MoveNetMultiPoseLighting
A convolutional neural network model that runs on RGB images and predicts human joint locations of people in the image frame. The main differentiator between this MoveNet.MultiPose and its precedent, MoveNet.SinglePose model, is that this model is able to detect multiple people in the image frame at the same time while still achieving real-time speed.
(edges are available in org.jetbrains.kotlinx.dl.onnx.inference.posedetection.edgeKeyPointsPairs and keypoints are in org.jetbrains.kotlinx.dl.onnx.inference.posedetection.keyPoints).
The ``predictRaw``
method returns a float32 tensor of shape (1, 6, 56).
The first dimension is the batch dimension, which is always equal to 1.
The second dimension corresponds to the maximum number of instance detections.
The model can detect up to 6 people in the image frame simultaneously.
The third dimension represents the predicted bounding box/keypoint locations and scores.

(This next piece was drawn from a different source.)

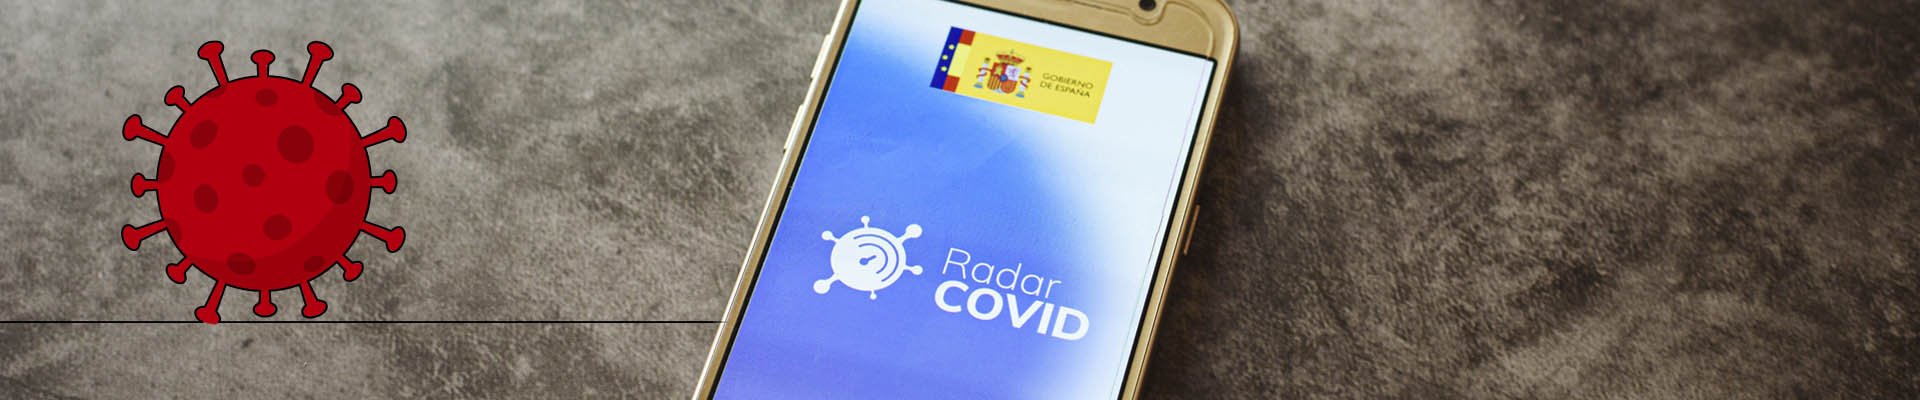 Se pone en marcha la aplicación Radar Covid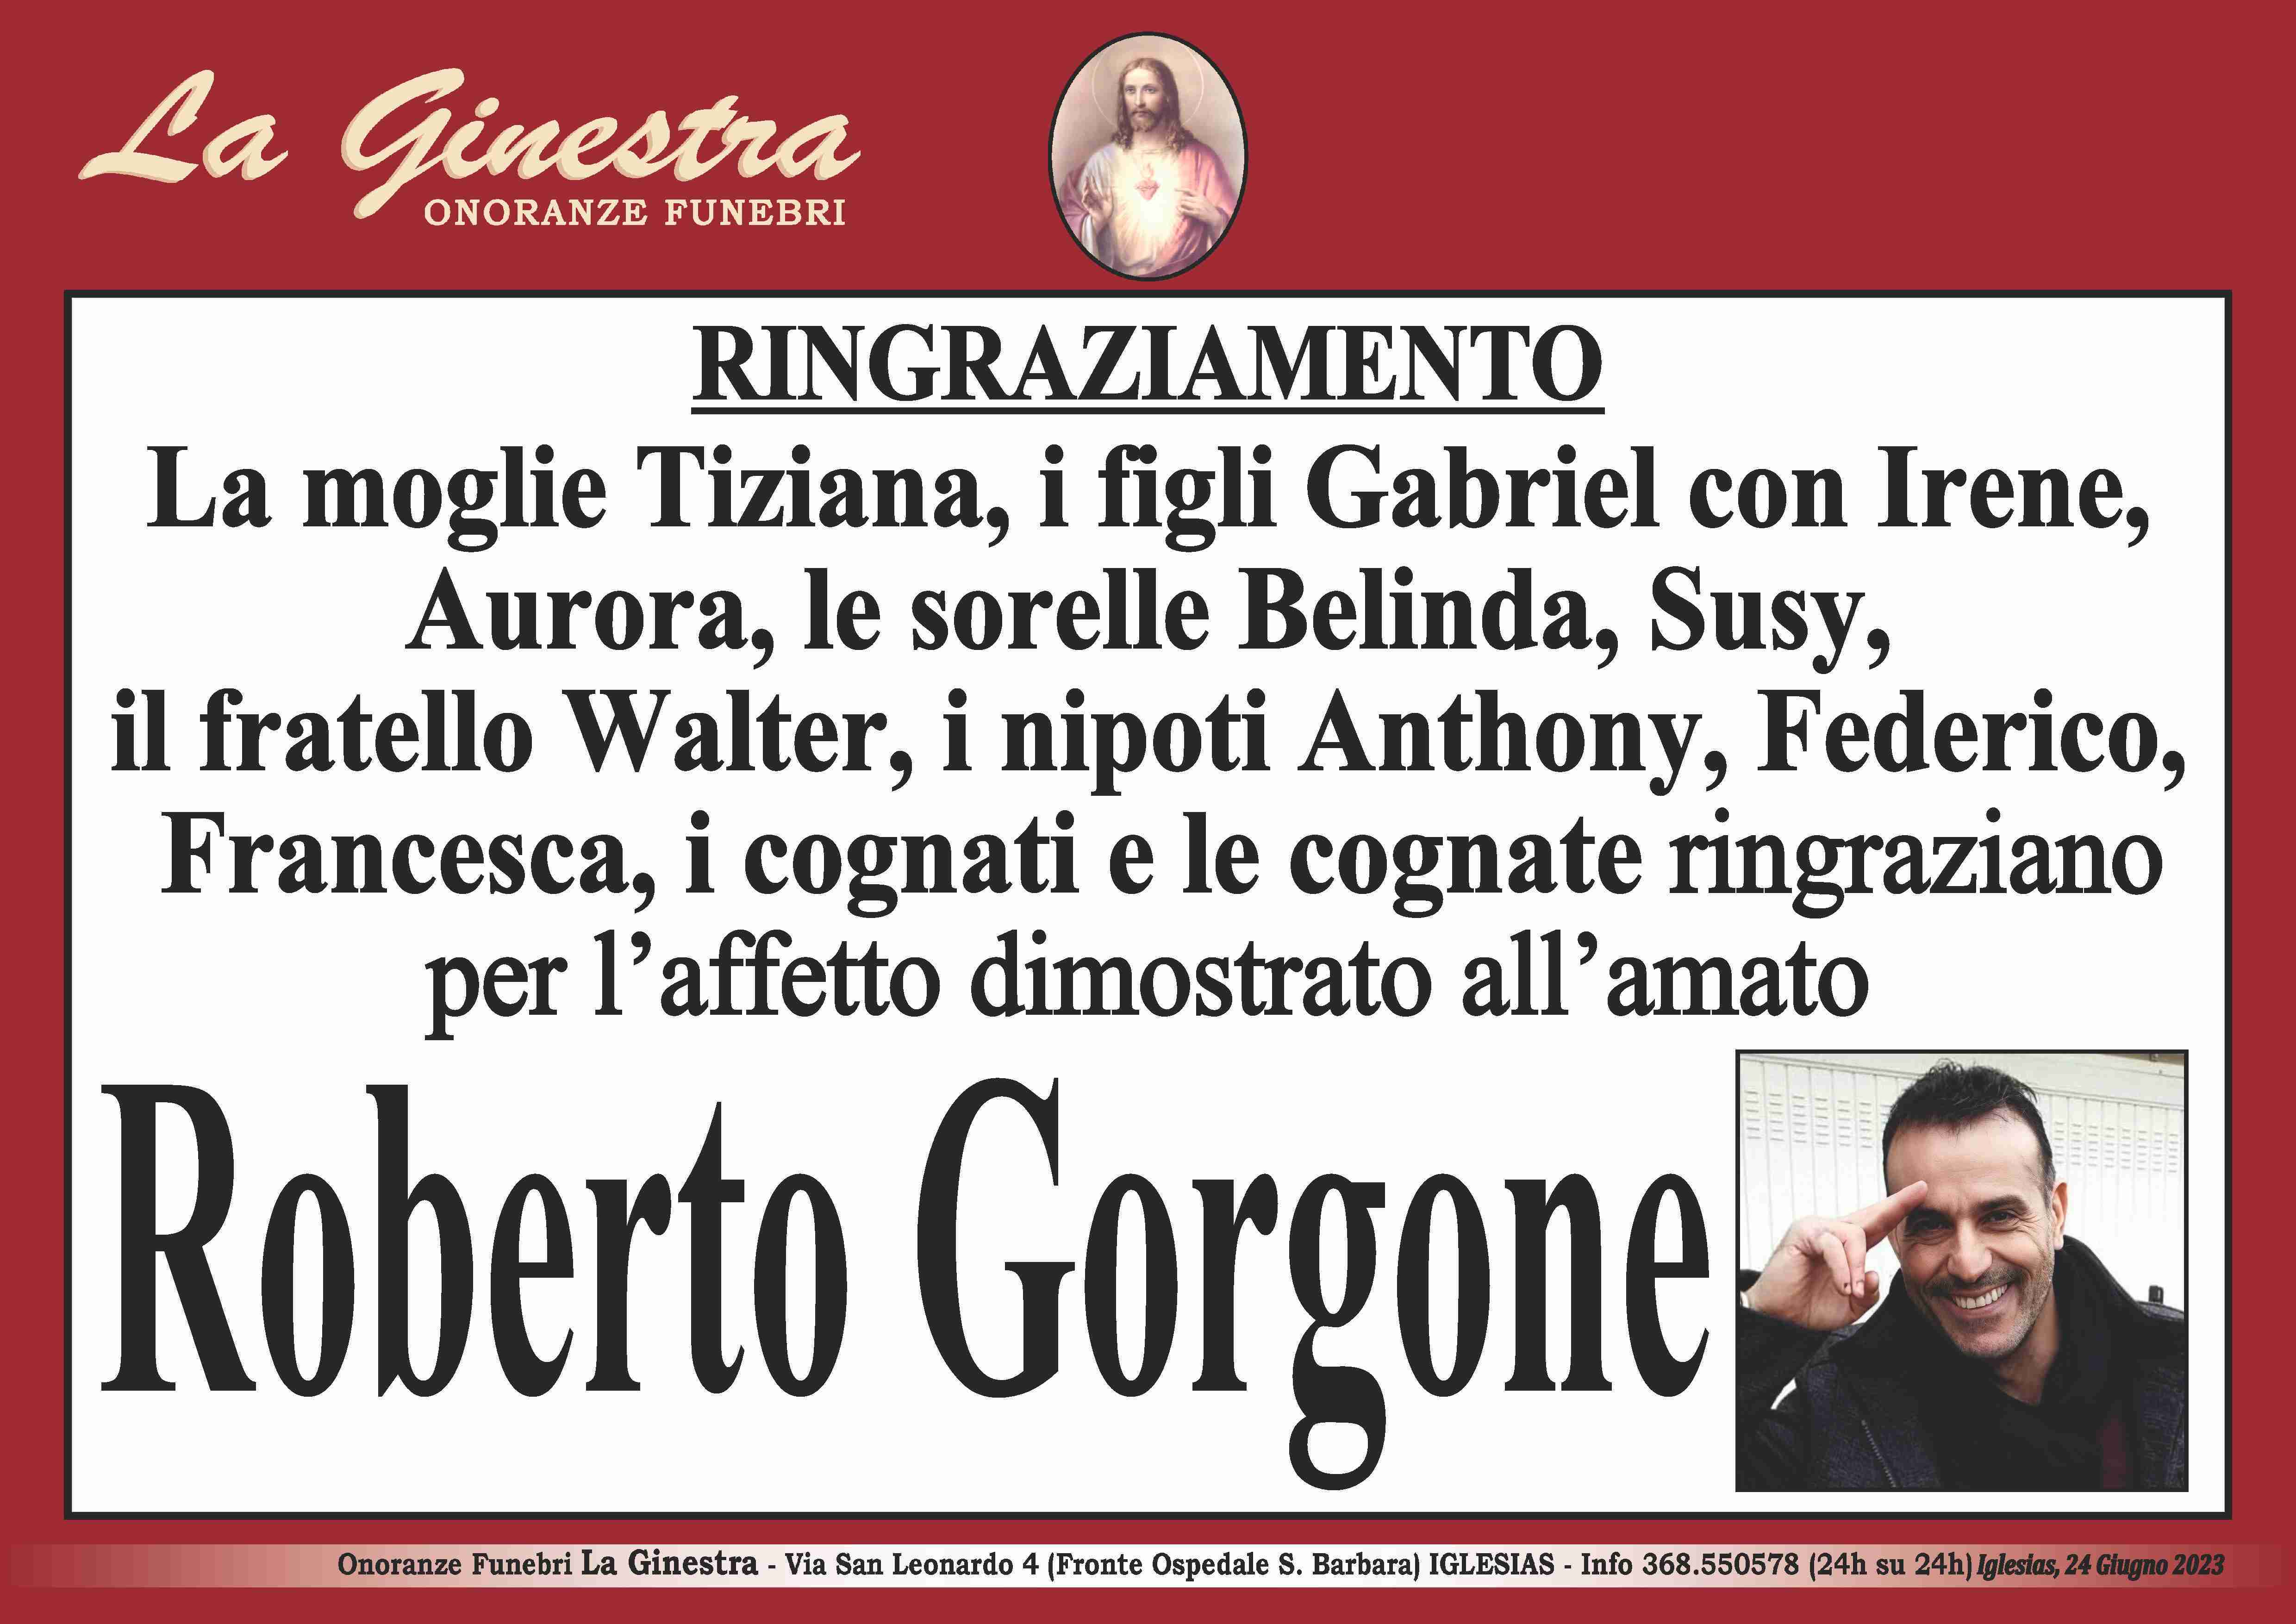 Roberto Gorgone

The first 17 * 3 elements are the keypoint locations and scores in the format:
``[y_0, x_0, s_0, y_1, x_1, s_1, …, y_16, x_16, s_16]``
, where y_i, x_i, s_i are the yx-coordinates (normalized to image frame, e.g. range in``[0.0, 1.0]``
) and confidence scores of the i-th joint correspondingly.The order of the 17 keypoint joints is:
``[nose, left eye, right eye, left ear, right ear, left shoulder, right shoulder, left elbow, right elbow, left wrist, right wrist, left hip, right hip, left knee, right knee, left ankle, right ankle]``
.The remaining 5 elements
``[ymin, xmin, ymax, xmax, score]``
represent the region of the bounding box (in normalized coordinates) and the confidence score of the instance.
@see Detailed description of MoveNet architecture in TensorFlow blog. @see TensorFlow Model Hub with the MoveNetLighting model converted to ONNX.